WASHINGTON — President Donald Trump hosted several House Republican lawmakers at the White House on Monday to discuss an ultimately futile effort to block Congress from affirming President-elect Joe Biden's victory in the November election.
The meeting underscored Trump's refusal to accept the reality of his loss and his willingness to entertain undemocratic efforts to overturn the will of the majority of American voters. Biden will be sworn in as president on Jan. 20.
With no credible legal options remaining and the Electoral College having confirmed Biden's victory earlier this month, Trump is turning his attention to Jan. 6. That's when Congress participates in a count of the electoral votes, which Biden won 306-232.
The count, required by the Constitution, is generally a formality. But members can use the event to object to a state’s votes.
Rep. Mo Brooks, R-Ala., said he organized Monday's session with about a dozen House Republicans who are willing to challenge the results.
“President Trump is very supportive of our effort,” Brooks said in an interview late Monday.
With Democrats holding the House majority and several Republican senators now acknowledging Biden's victory, any effort to block congressional approval of the election appears sure to fail. Senate Majority Leader Mitch McConnell has warned his members against taking such a step.
Sen. John Thune, the No. 2 Senate Republican, urged lawmakers to remember that an effort to block the election results in Congress was “just not going anywhere.”
“I mean, in the Senate, it would go down like a shot dog," Thune told CNN. "I just don’t think that it makes a lot of sense to put everybody through this when you know what the ultimate outcome is gonna be.”
Still, Trump has continued to dangle the possibility of congressional intervention.
Brooks said Monday's White House meeting was originally scheduled for about an hour, but lasted for three hours, with Trump participating for much of it. Other attendees including Trump's personal lawyer, Rudy Giuliani, who has spent the weeks since the election promoting false claims of voter fraud.
Brooks said he also met with Vice President Mike Pence. As president of the Senate, Pence is to preside over the Jan. 6 session and declare the winner.
Brooks said the group is making plans to challenge the election results from Michigan, Wisconsin, Pennsylvania, Georgia and Nevada, all battleground states Biden carried. Brooks in particular has raised questions about the way state elections were conducted this year, with some having made changes to ballots and procedures during the pandemic.

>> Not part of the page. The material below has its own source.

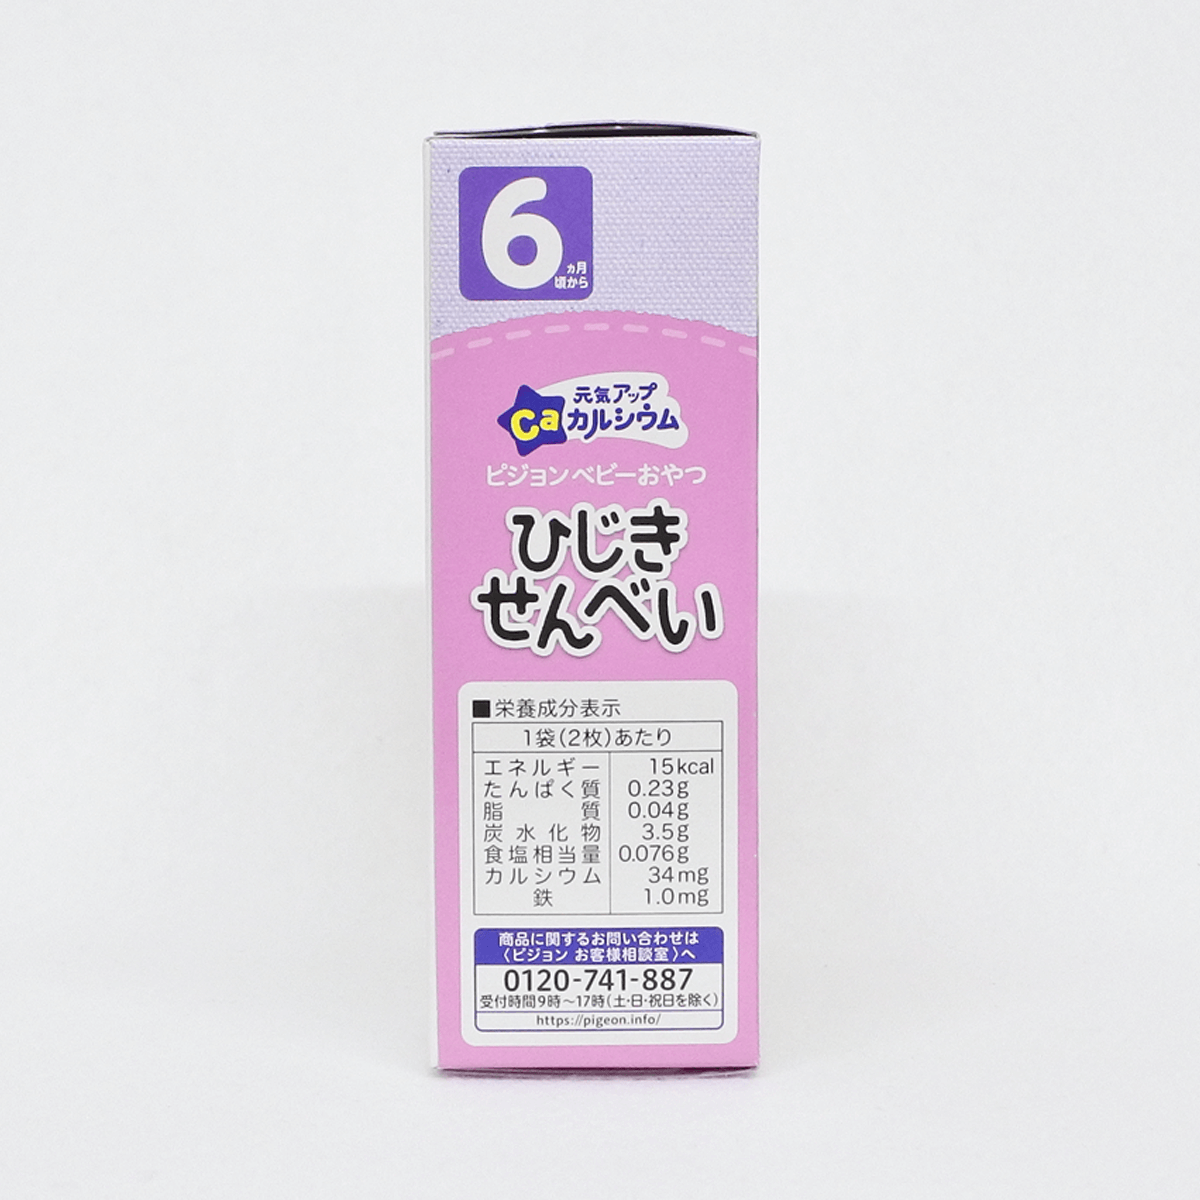 贝亲 Pigeon 含钙羊栖菜仙贝 婴儿饼干(6个月以上) 2片×6袋

While the new procedures may have led to confusion in some states, state and federal officials have said there was no credible evidence of widespread fraud.
Still, Trump's top aides, including chief of staff Mark Meadows, continued on Monday to push false claims of election malfeasance, without providing any evidence.
A range of nonpartisan election officials and Republicans have confirmed that there was no fraud in the November contest that would change the results of the election. That includes Attorney General William Barr, who on Monday said he saw no reason to appoint a special counsel to look into the president’s claims about the 2020 election. Trump has discussed doing so with some of his advisers.
Trump and his allies have filed roughly 50 lawsuits challenging election results, and nearly all have been dismissed or dropped. He’s also lost twice at the U.S. Supreme Court.
With no further tenable legal recourse, Trump has been fuming and peppering allies for options as he refuses to accept his loss.
On Jan. 6, a lawmaker can object to a state’s votes on any grounds. The objection will not be heard unless it is in writing and signed by both a member of the House and a member of the Senate.
If there is such a joint request, then the joint session suspends and the House and Senate go into separate sessions to consider it. For the objection to be sustained, both chambers must agree to it by a simple majority vote. If they disagree, the original electoral votes are counted.
The last time such an objection was considered was 2005, when Rep. Stephanie Tubbs Jones of Ohio and Sen. Barbara Boxer of California, both Democrats, objected to Ohio’s electoral votes by claiming there were voting irregularities. Both chambers debated the objection and rejected it. It was only the second time such a vote had occurred.
McConnell has told Senate Republicans that a dispute over the results in January would yield a “terrible vote” for Republicans. They would have to choose whether to back Trump or publicly buck him.
Associated Press writer Mary Clare Jalonick contributed to this report.